Your task:
Go to the line below that has "Three Kings Charcoal 40MM Box", print it and each line after it exactly, and stop after the line that has "097c284f0115 McKenzie 3 Pack Sport Socks ..."; leave out pictures.

Extracted data:

*** Block opens ***

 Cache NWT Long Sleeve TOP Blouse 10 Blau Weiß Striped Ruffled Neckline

*** Block closes ***
*** Block opens ***

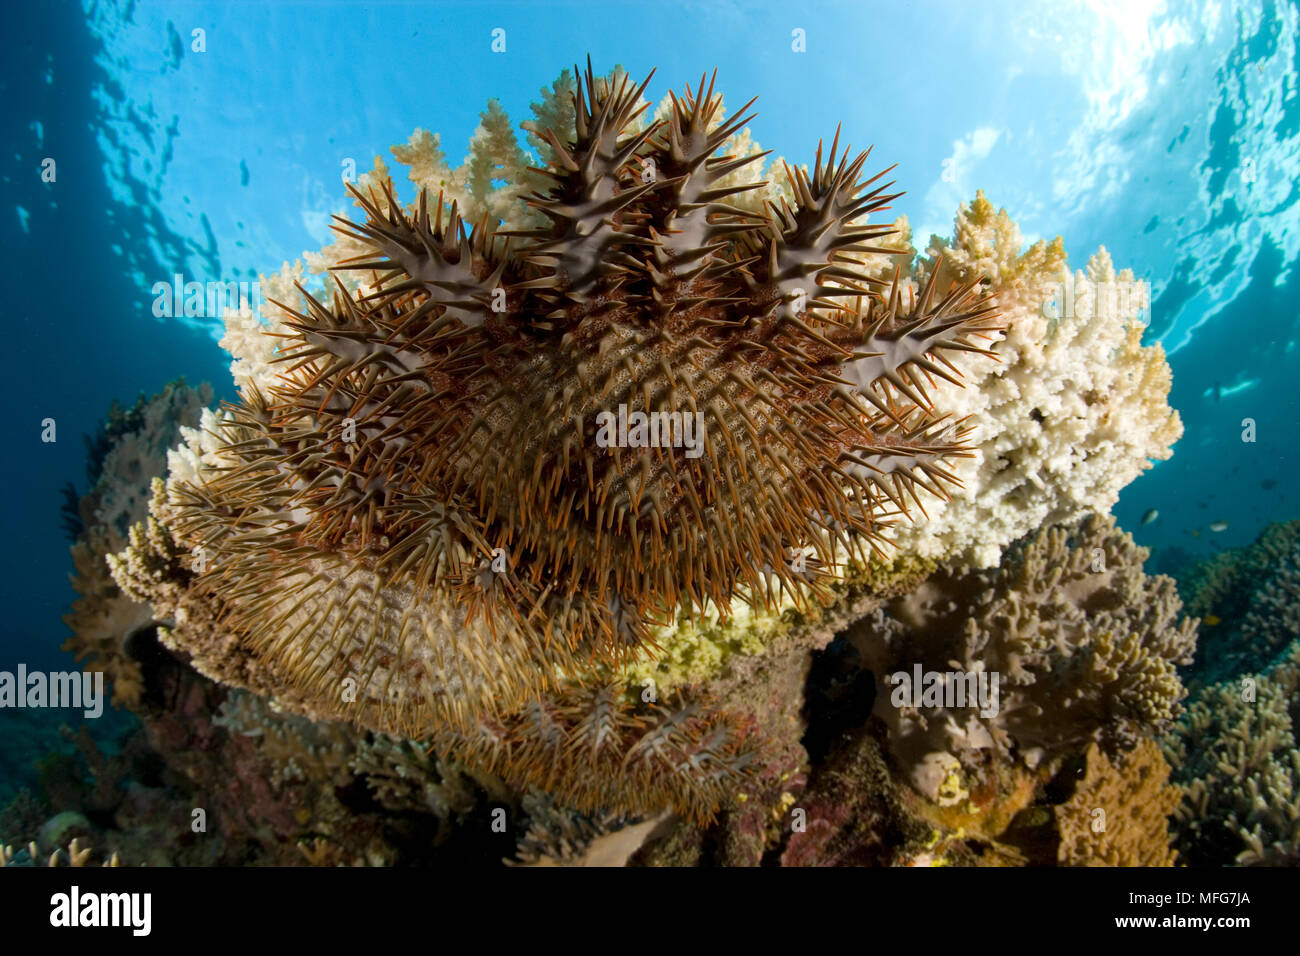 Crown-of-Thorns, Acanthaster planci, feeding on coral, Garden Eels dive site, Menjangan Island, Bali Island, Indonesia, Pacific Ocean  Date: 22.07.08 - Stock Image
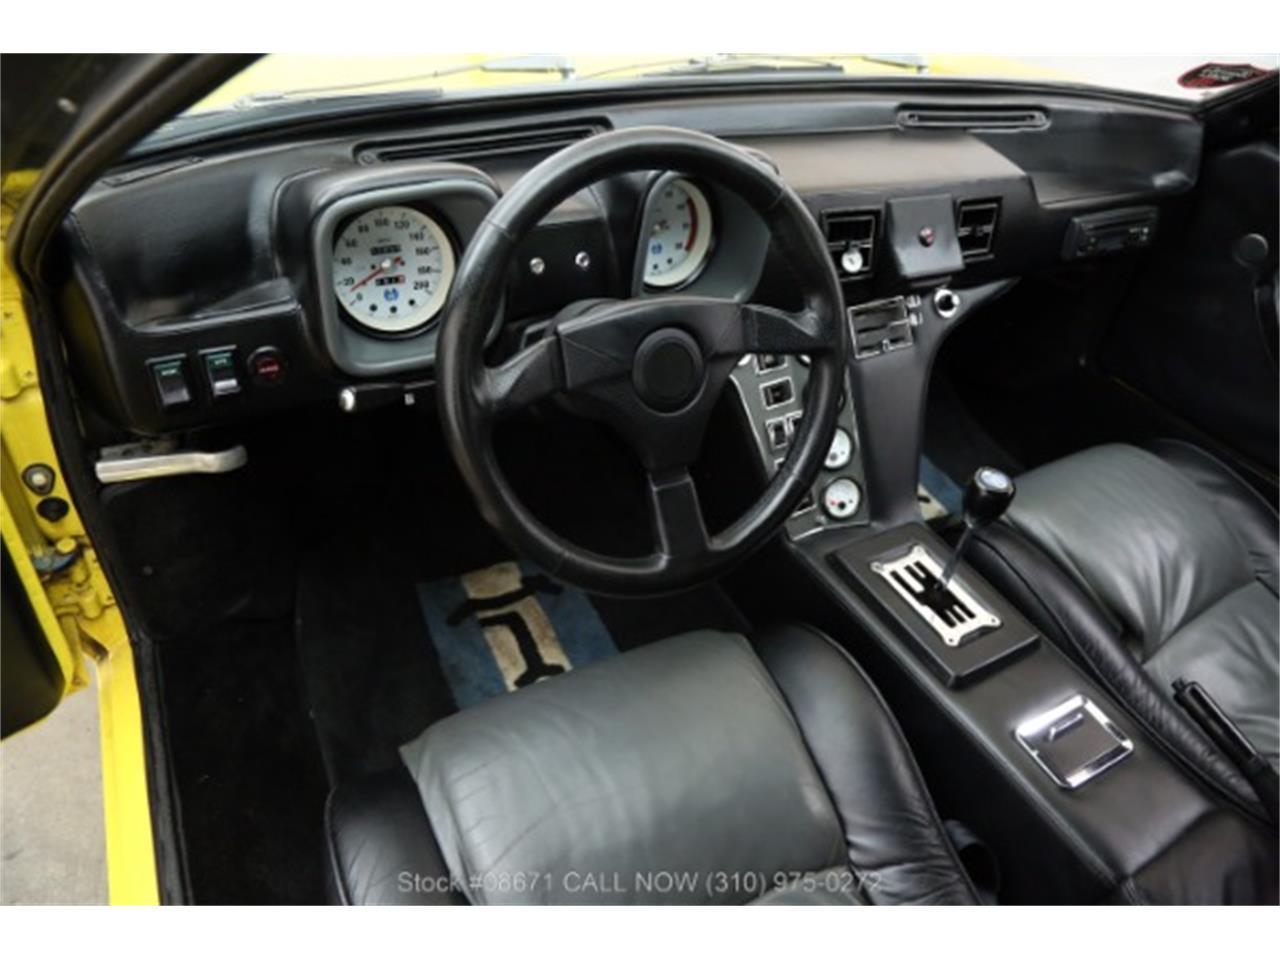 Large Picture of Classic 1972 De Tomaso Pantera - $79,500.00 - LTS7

*** Block closes ***
*** Block opens ***

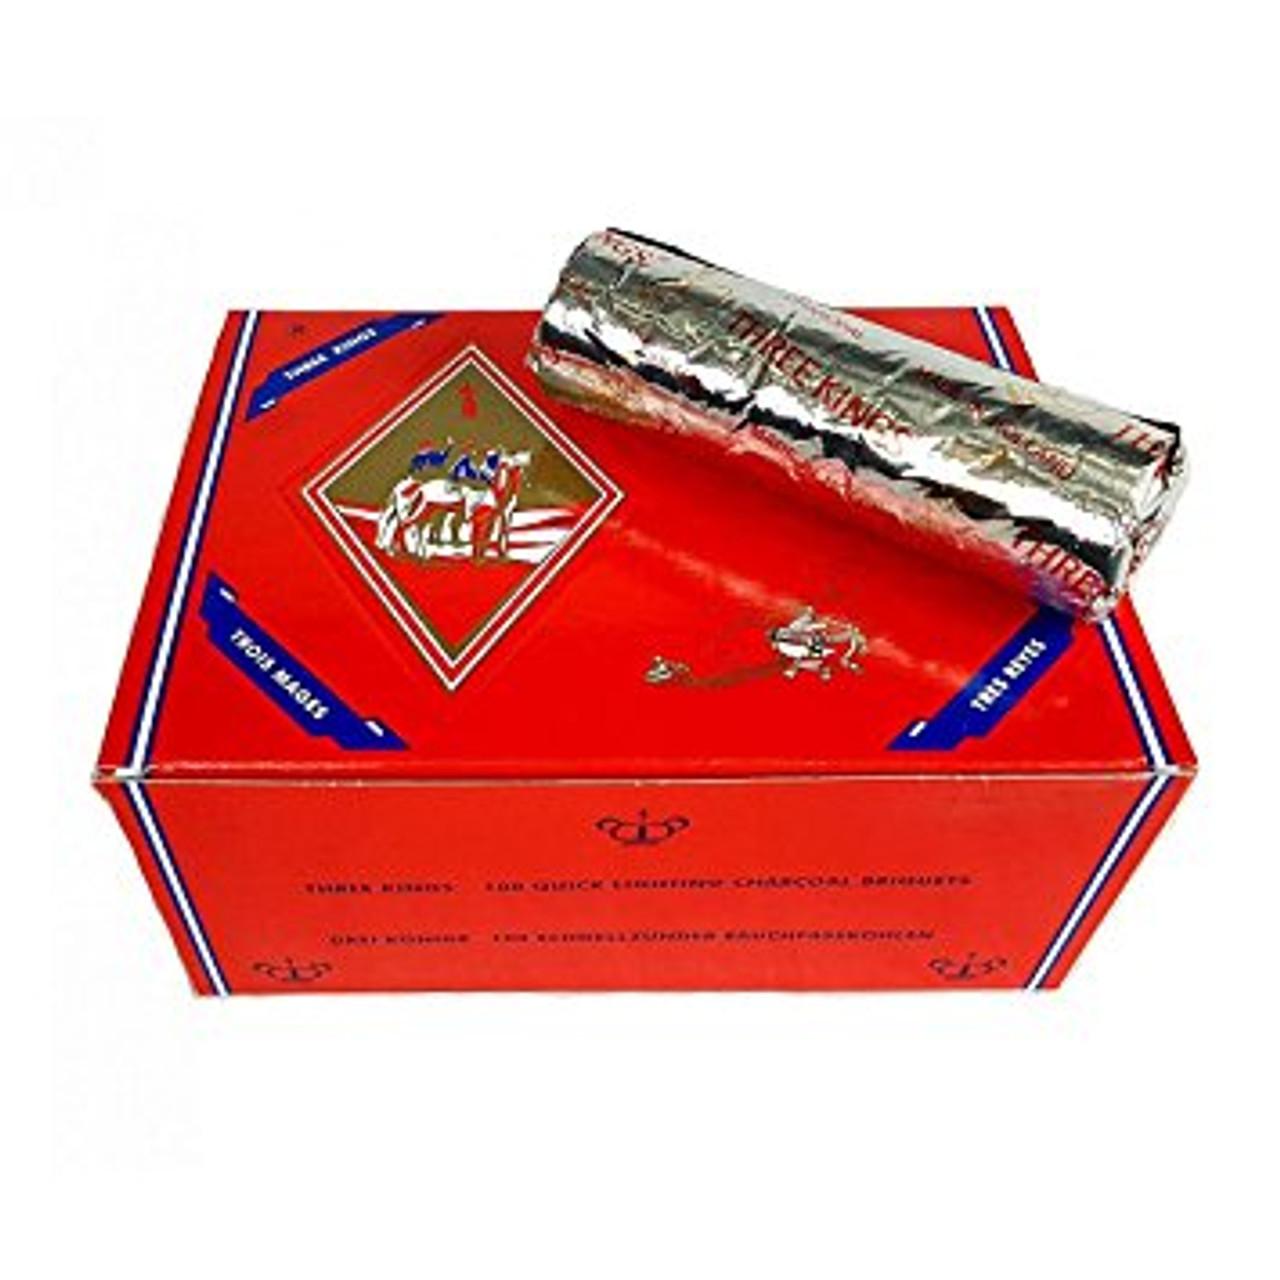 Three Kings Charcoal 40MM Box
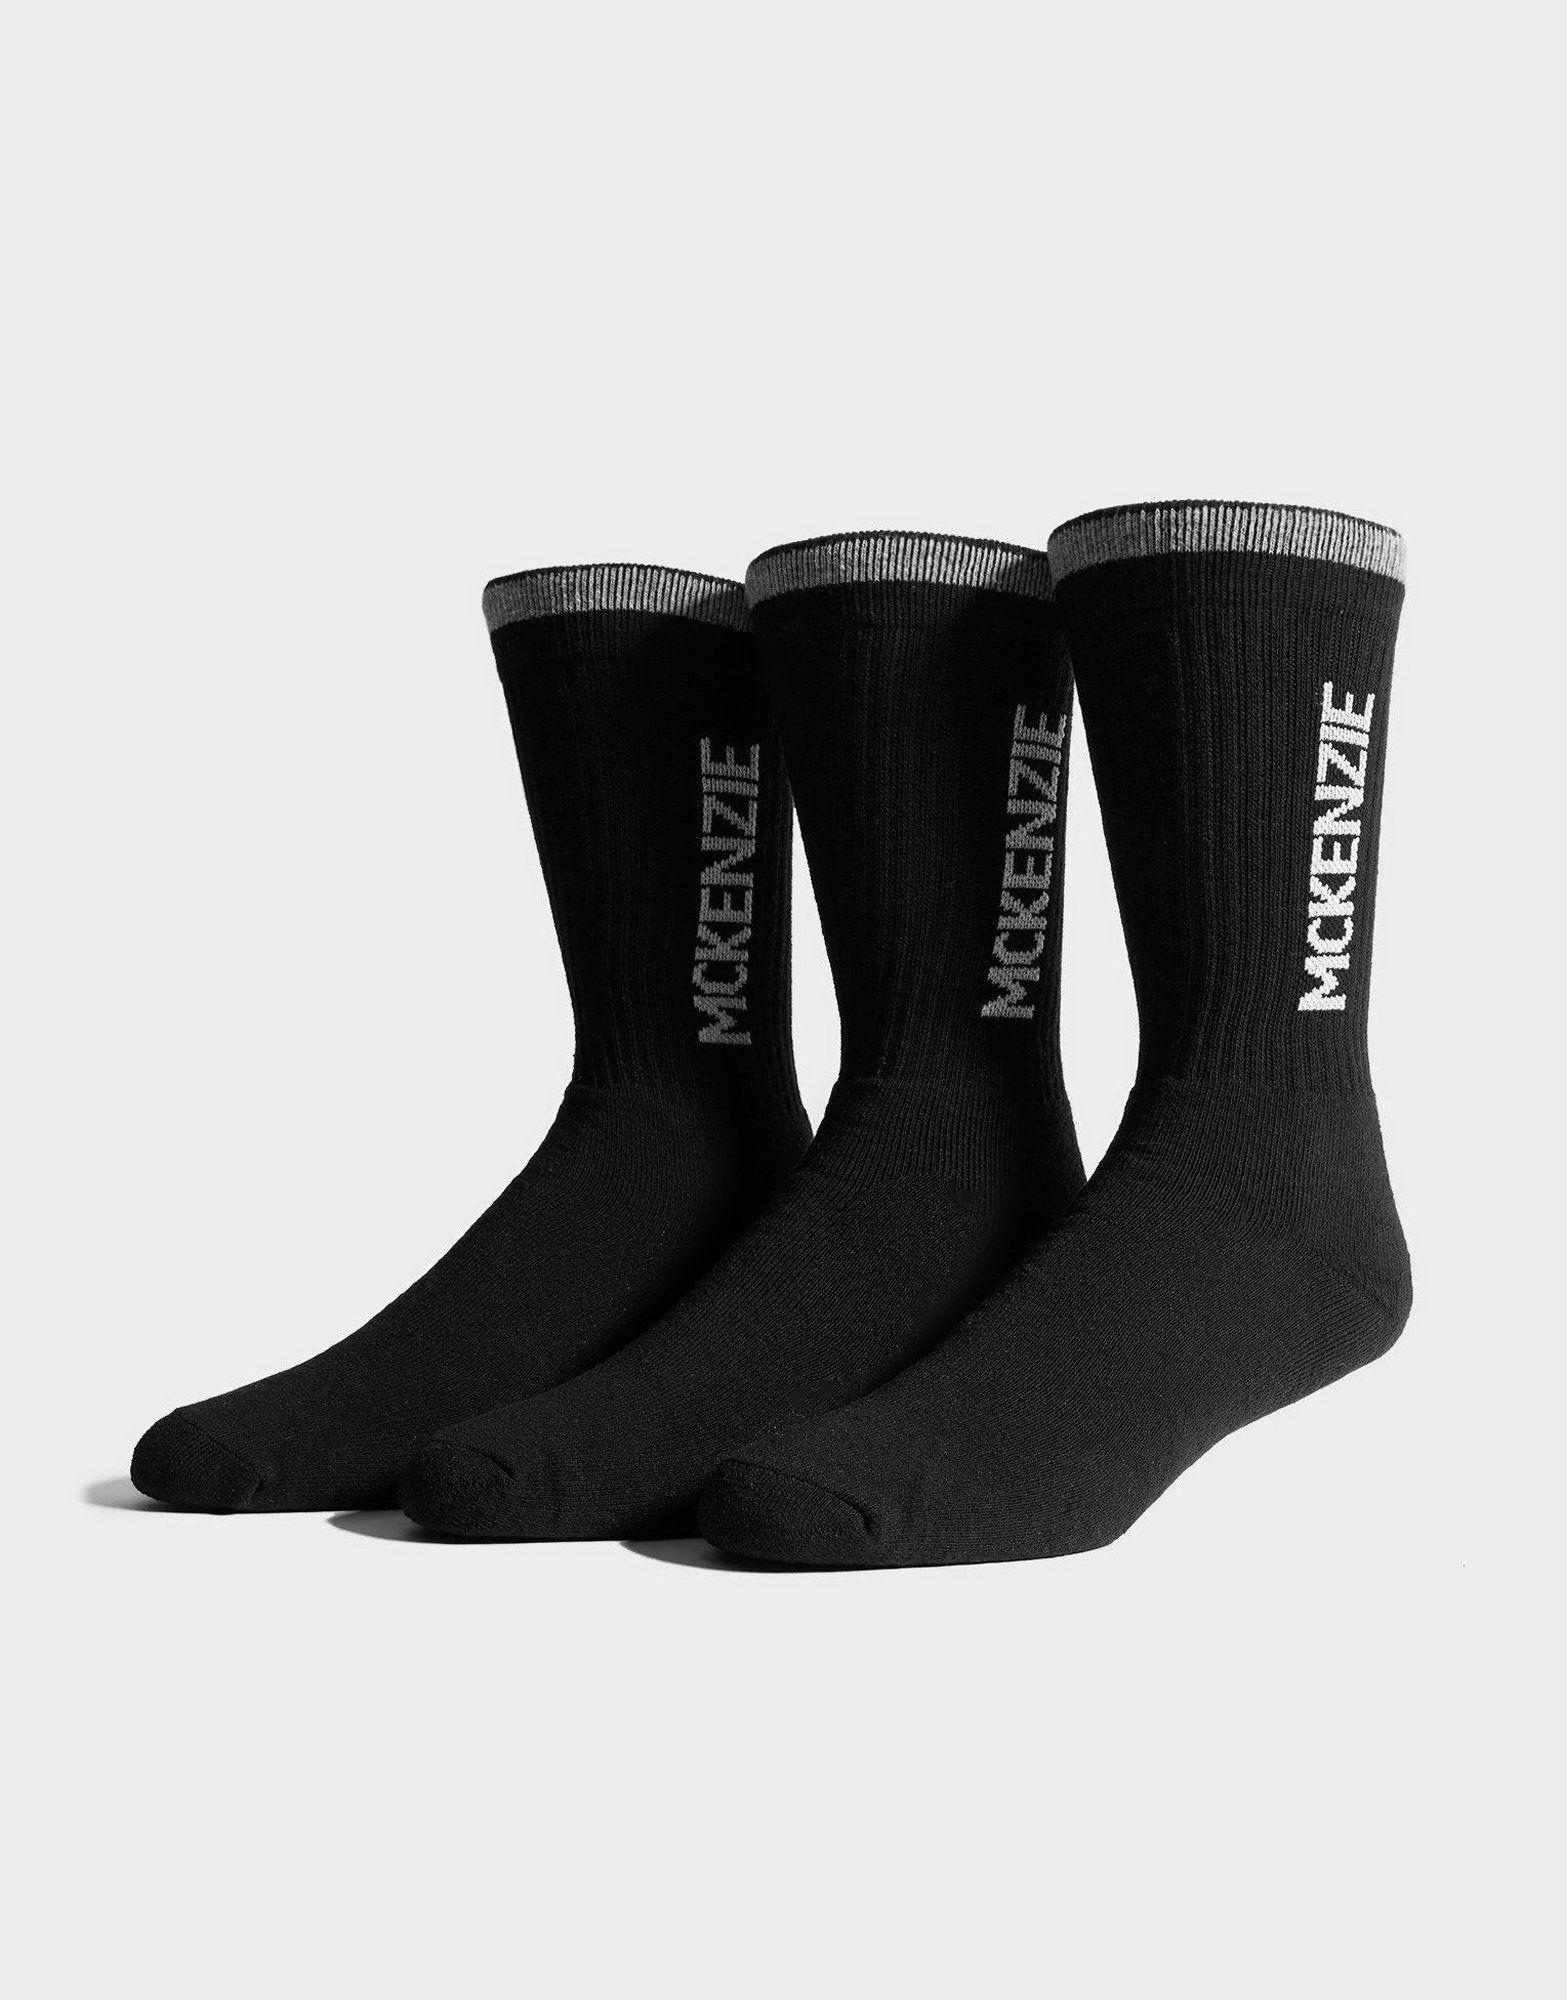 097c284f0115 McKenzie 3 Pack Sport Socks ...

*** Block closes ***

Task result:
 Three Kings Charcoal 40MM Box
 097c284f0115 McKenzie 3 Pack Sport Socks ...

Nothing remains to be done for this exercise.